Although travertine is naturally resistant to water, it does require some extra protection when used outdoors – particularly around salt water pools. The use of a sealant can also help to shield the stone against damage caused by ice from repeatedly freezing and sealing during the winter. Whilst it is possible to apply a sealant yourself, this is often a job best left to the professionals as the process tends to be pretty involved.

Removal of common stains

With the correct cleaning product, you should be able to remove most common stains from your travertine pavers with ease. The first step, and often the most challenging, to removing a stain is identifying what it is. Once you know what you’re dealing with, you’ll be able to determine the best cleaning method.

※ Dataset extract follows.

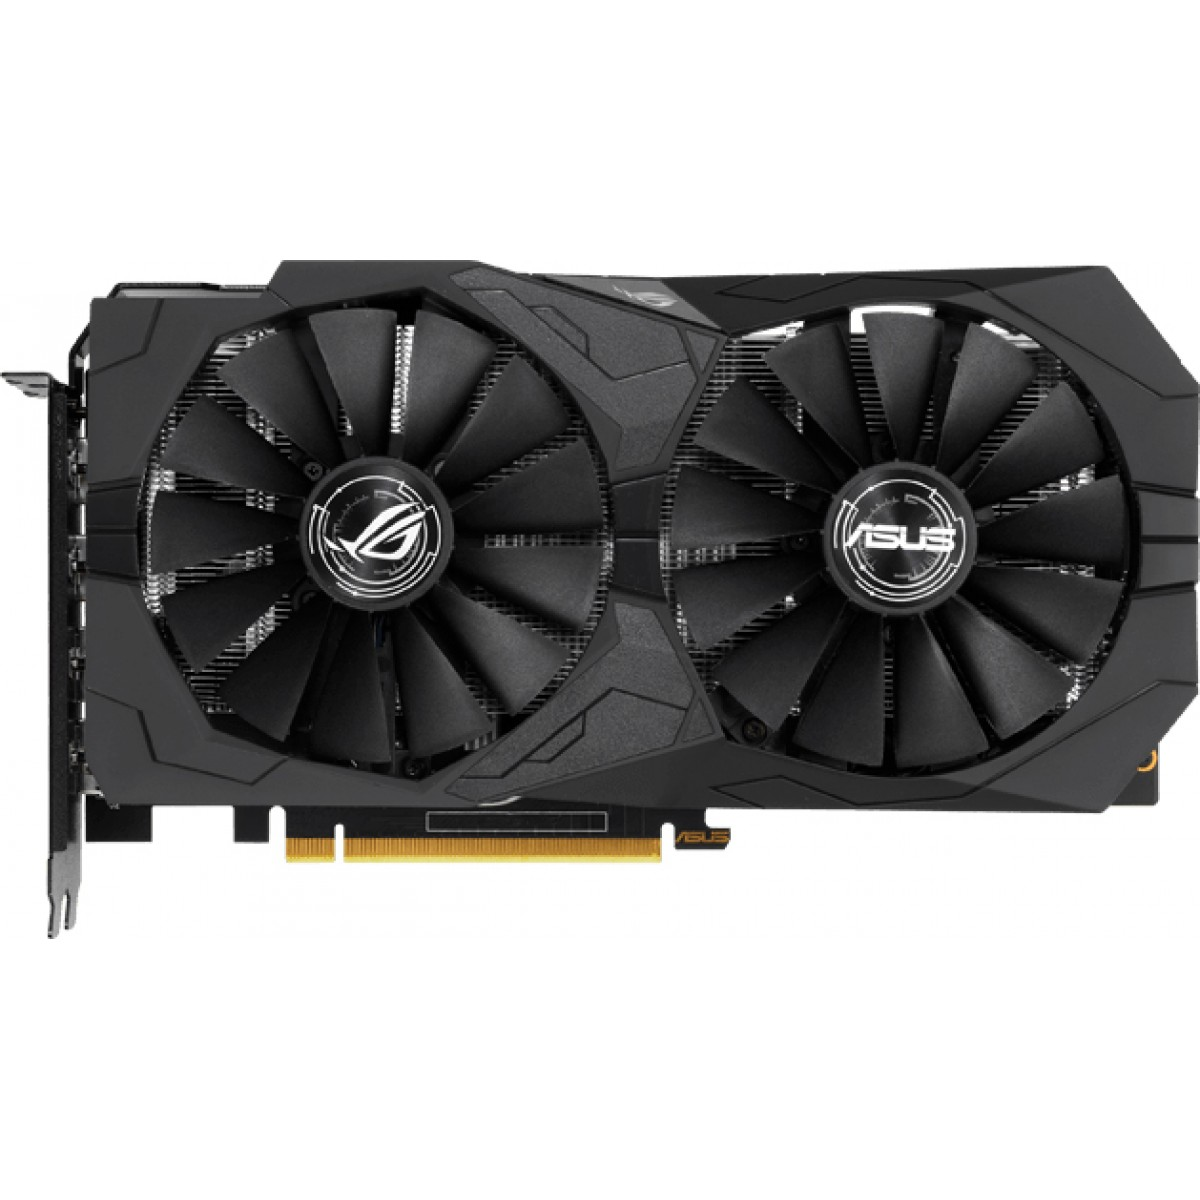 Placa de Vídeo Asus GeForce GTX 1650 Rog Strix Gaming, 4GB GDDR5, 128Bit, ROG-STRIX-GTX1650-4G-GAMING

  • Fire and Smoke Damage – typically found on travertine that is part of a fireplace or nearby to a fire pit. These types of stains can most easily be removed using a commercially formulated smoke removal product. It’s best to do this often so that smoke damage doesn’t build up on top of each other.
  • Oil – caused by grease, cooking oil, tar and basically any other substance that contains oil. These types of stains will typically darken the stone. Begin by wiping away any excess staining agent, then gently clean using a soft liquid cleanser and a wet cloth. A specialised cleaner or homemade poultice will also suffice.
  • Organic – caused by leaves, bird droppings, bark, urine and any food that may have been spilled on the pavers. These types of stains are typically pinkish-brown in colour and often disappear once the source has been removed because the sun and rain have a natural bleaching effect.
  • Paint – if there is only a couple of splatters or a small spill, it can be scraped off using a razor blade or removed using a lacquer thinner. If the spill covers a much larger area, on the other hand, a commercially formulated liquid paint stripper will be required. Please seek professional advice in this case.
  • Water Spots and Rings – caused by the surface accumulation of hard water. These stains can be removed by buffing the affected area using the finest steel wool available (#0000). If you live in an area with hard water, keep this in mind when cleaning or using a pressure washer.

General care and maintenance

To minimise scratches and wear, we recommend regular sweeping or dusting. You can also clean travertine pavers using warm water and a sponge, mop or non-abrasive cloth. Do this at least once a year. If you’ve fallen a bit behind on your maintenance schedule, you can use a pressure washer to remove caked on dirt and grime. Do not use general purpose cleaners, scouring powders and creams, products that contain acids (like lemon), ammonia or bleach.